The challenge hides in maintaining the count of concurrent requests. It must be incremented and decremented in a thread safe way while affecting performance as little as possible. The Interlocked class with its atomic operations for shared variables seems perfect for the job. I've decided to use the Interlocked.CompareExchange "do-while pattern" for check and increment which should ensure that value will not be exceeded.

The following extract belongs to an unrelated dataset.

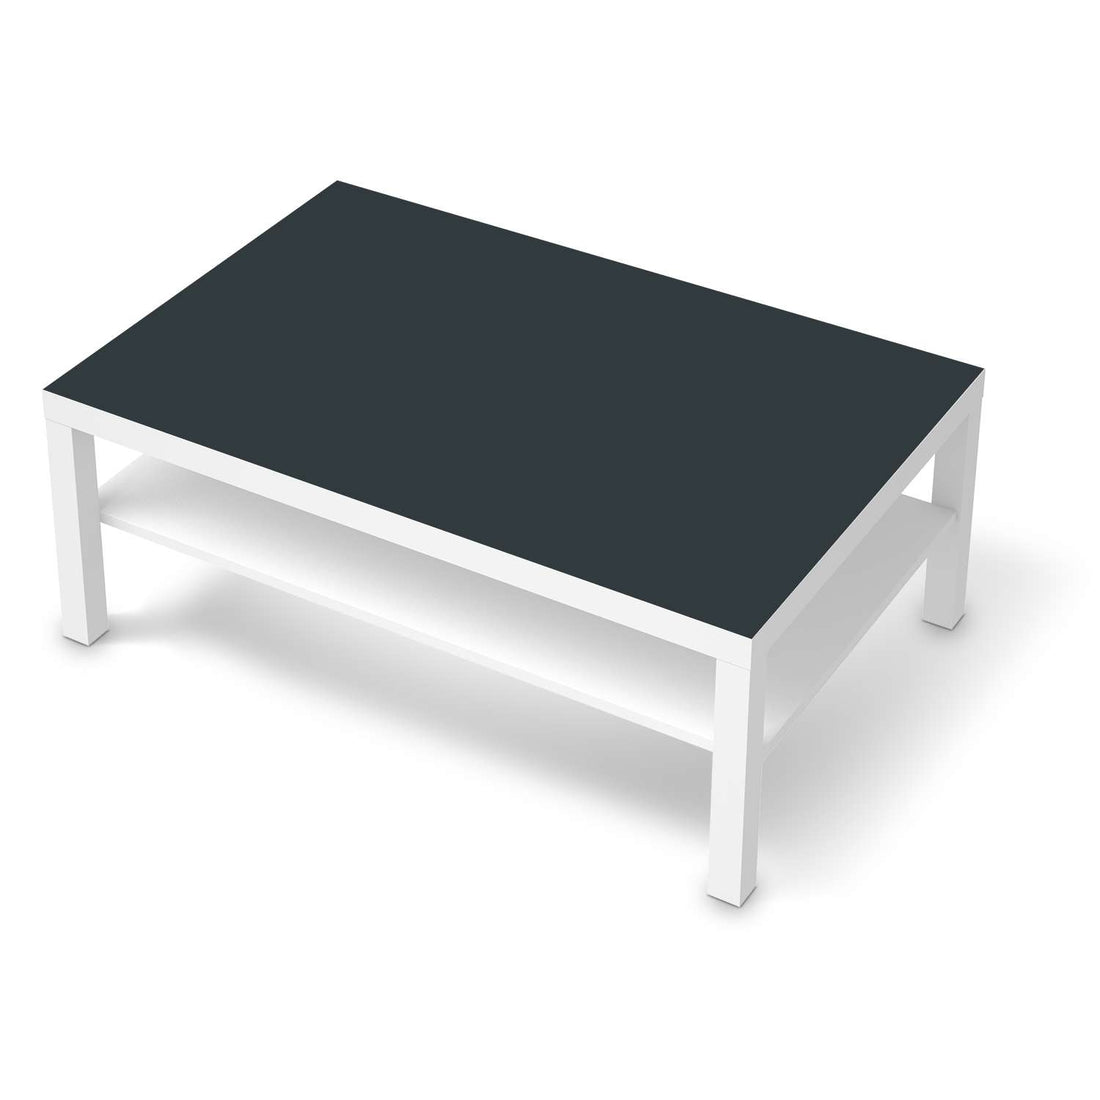 Klebefolie Blaugrau Dark - IKEA Lack Tisch 118x78 cm - weiss

public class MaxConcurrentRequestsMiddleware
{
    ...

    public async Task Invoke(HttpContext context)
    {
        if (CheckLimitExceeded())
        {
            ...
        }
        else
        {
            await _next(context);

            Interlocked.Decrement(ref _concurrentRequestsCount);
        }
    }

    private bool CheckLimitExceeded()
    {
        bool limitExceeded;

        int initialConcurrentRequestsCount, incrementedConcurrentRequestsCount;
        do
        {
            limitExceeded = true;

            initialConcurrentRequestsCount = _concurrentRequestsCount;
            if (initialConcurrentRequestsCount >= _options.Limit)
            {
                break;
            }

            limitExceeded = false;
            incrementedConcurrentRequestsCount = initialConcurrentRequestsCount + 1;
        }
        while (initialConcurrentRequestsCount != Interlocked.CompareExchange(
            ref _concurrentRequestsCount, incrementedConcurrentRequestsCount, initialConcurrentRequestsCount));

        return limitExceeded;
    }
}

After adding the middleware to the pipeline I've set up a test with 30 concurrent requests and 10 as MaxConcurrentRequestsOptions.Limit. The result is best observed through responseInformation temporary value.

Visual Studio Locals Window - Content of responseInformation array for hard limit scenario

There are 10 requests which resulted in 200 OK and 20 requests which resulted in 503 Service Unavailable (red frames) - the desired effect.

Queueing additional requests

The hard limit approach gets the job done, but there are more flexible approaches. In general they are based on assumption that the application can cheaply store more requests in memory than it's currently processing and client can wait for the response a little bit longer. Additional requests can wait in queue (typically a FIFO one) for resources to be available. The queue should have a size limit, otherwise the application might end up processing only the queued requests with constantly growing latency.

Because of the size limit requirement this can't be simply implemented with ConcurrentQueue, a custom (again thread safe) solution is needed. The middleware should also be able to await the queue. On a high level a class looking like the one below should provide the desired interface.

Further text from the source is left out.